How do I run BLAST from Biopython?
For local BLAST: `from Bio.Blast.Applications import NcbiblastnCommandline; cmd = NcbiblastnCommandline(query="query.fasta", db="nt", evalue=0.001, outfmt=6); stdout, stderr = cmd()`. For online BLAST: `from Bio.Blast import NCBIWWW; result = NCBIWWW.qblast("blastn", "nt", sequence_string)`. Parse XML results with NCBIXML.parse().
How do I perform pairwise sequence alignment with Biopython?
Use the newer PairwiseAligner class: `from Bio.Align import PairwiseAligner; aligner = PairwiseAligner(); aligner.mode = "global"; aligner.match_score = 2; aligner.mismatch_score = -1; alignments = aligner.align("ATCGATCG", "ATGGATCG"); print(alignments[0])`. The older pairwise2.align module is also available but deprecated in newer versions.
How do I visualize a phylogenetic tree with Biopython?
Read the tree with `from Bio import Phylo; tree = Phylo.read("tree.nwk", "newick")`. For a quick ASCII view: `Phylo.draw_ascii(tree)`. For publication-quality graphics: `import matplotlib.pyplot as plt; fig, ax = plt.subplots(figsize=(10, 8)); Phylo.draw(tree, axes=ax); plt.savefig("tree.png")`. Supports Newick, Nexus, and PhyloXML formats.
How do I parse PDB structure files with Biopython?

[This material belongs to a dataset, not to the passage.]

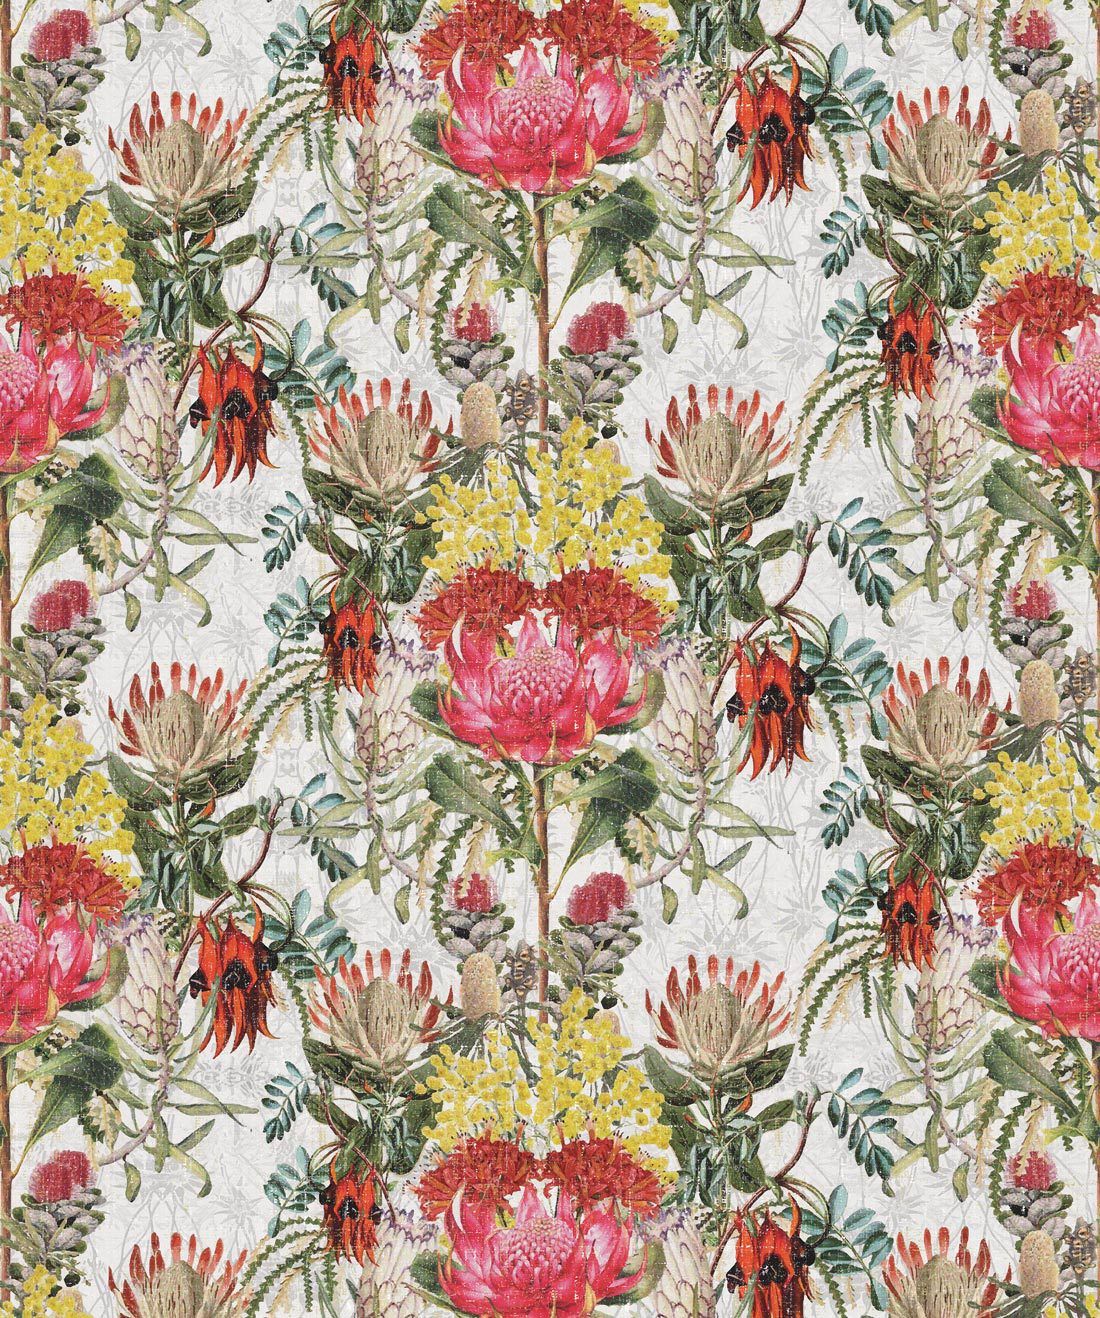 Simcox Wildflowers Original Wallpaper

Use PDBParser: `from Bio.PDB import PDBParser; parser = PDBParser(QUIET=True); structure = parser.get_structure("protein", "1abc.pdb")`. Navigate the hierarchy: structure > model > chain > residue > atom. For secondary structure, use DSSP: `from Bio.PDB.DSSP import DSSP; dssp = DSSP(model, "1abc.pdb")` which assigns H (helix), E (sheet), C (coil) to each residue.
Is this Biopython reference free and does it require installation?

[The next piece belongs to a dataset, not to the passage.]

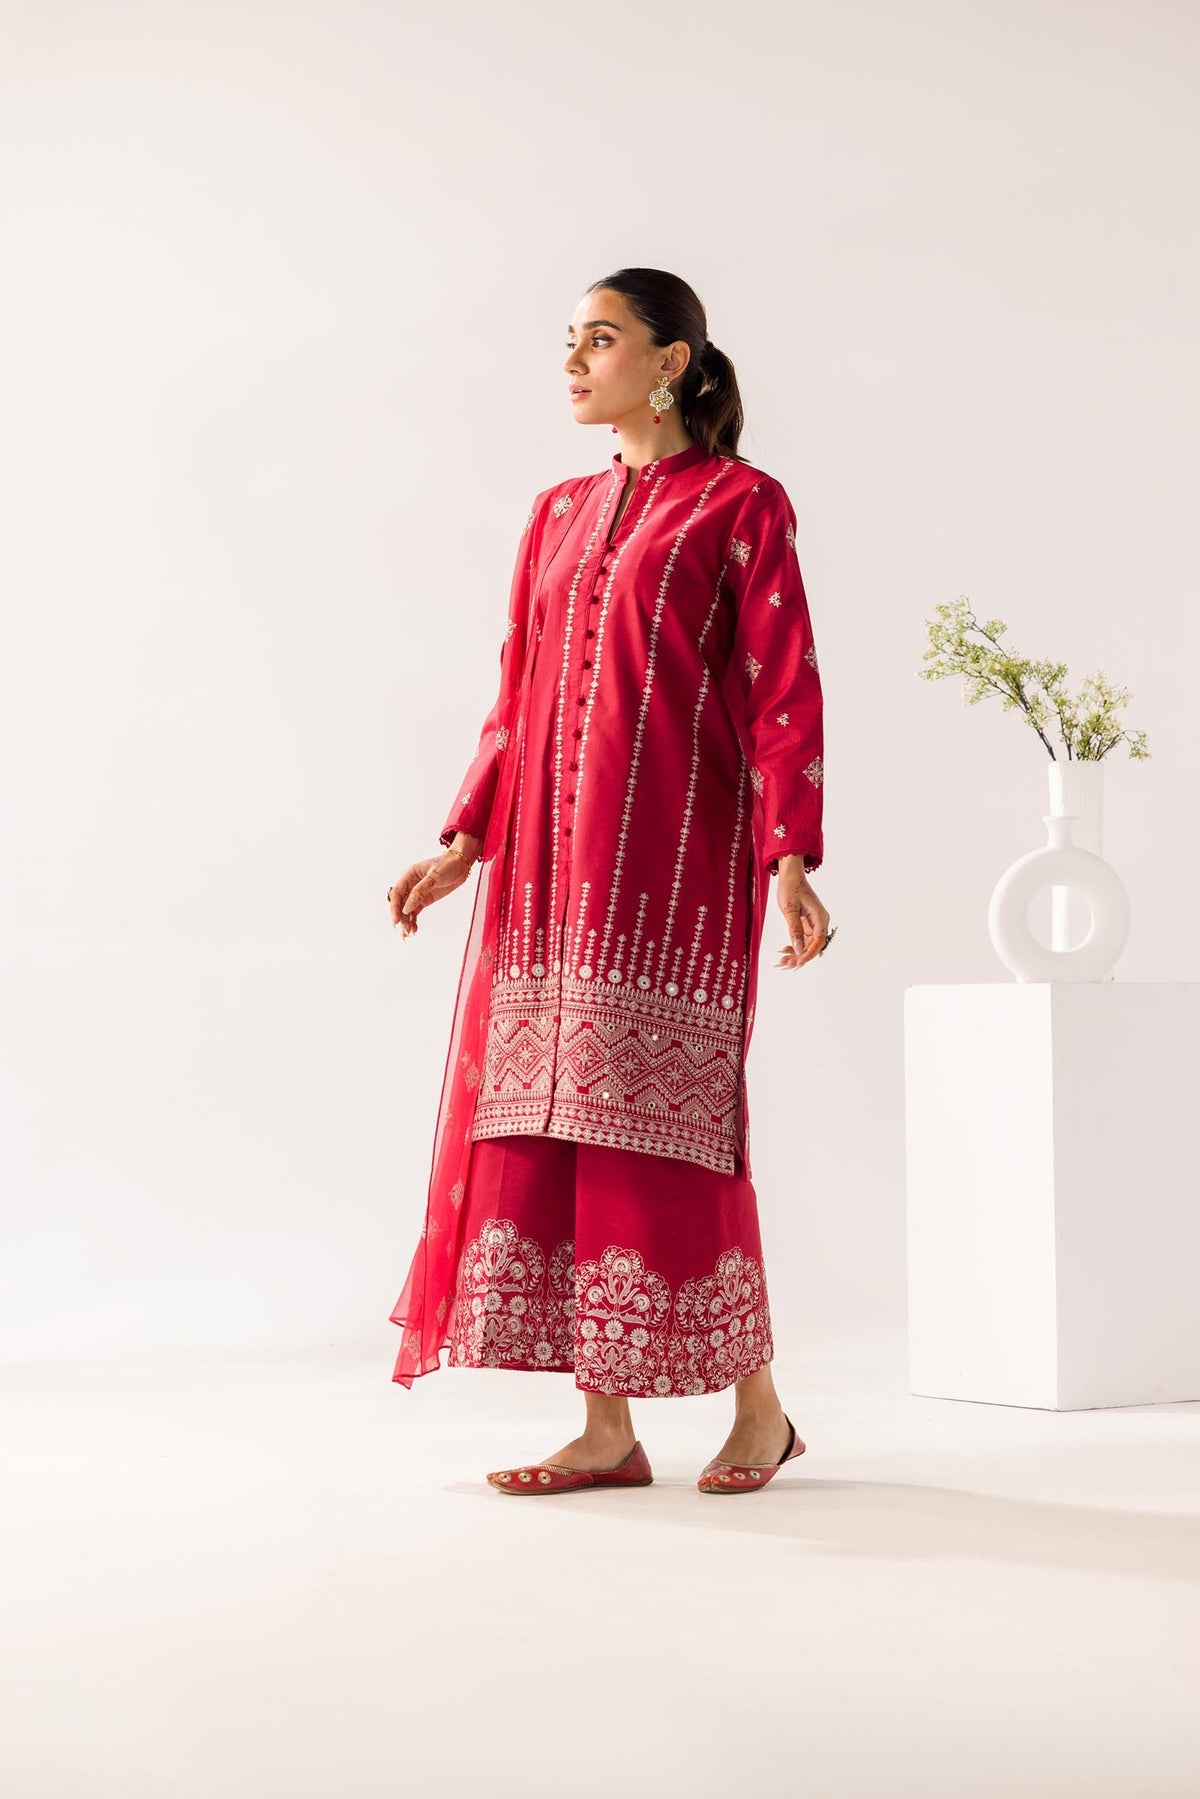 TaanaBaana | Signature Series | S3257A - Khanumjan  Pakistani Clothes and Designer Dresses in UK, USA

Yes, this web-based reference is completely free with no account or download required. It is a searchable cheat sheet with code examples you can browse from any device. Note that to actually run Biopython code, you need to install the library with `pip install biopython` in your Python environment. This reference helps you find the right syntax and examples quickly.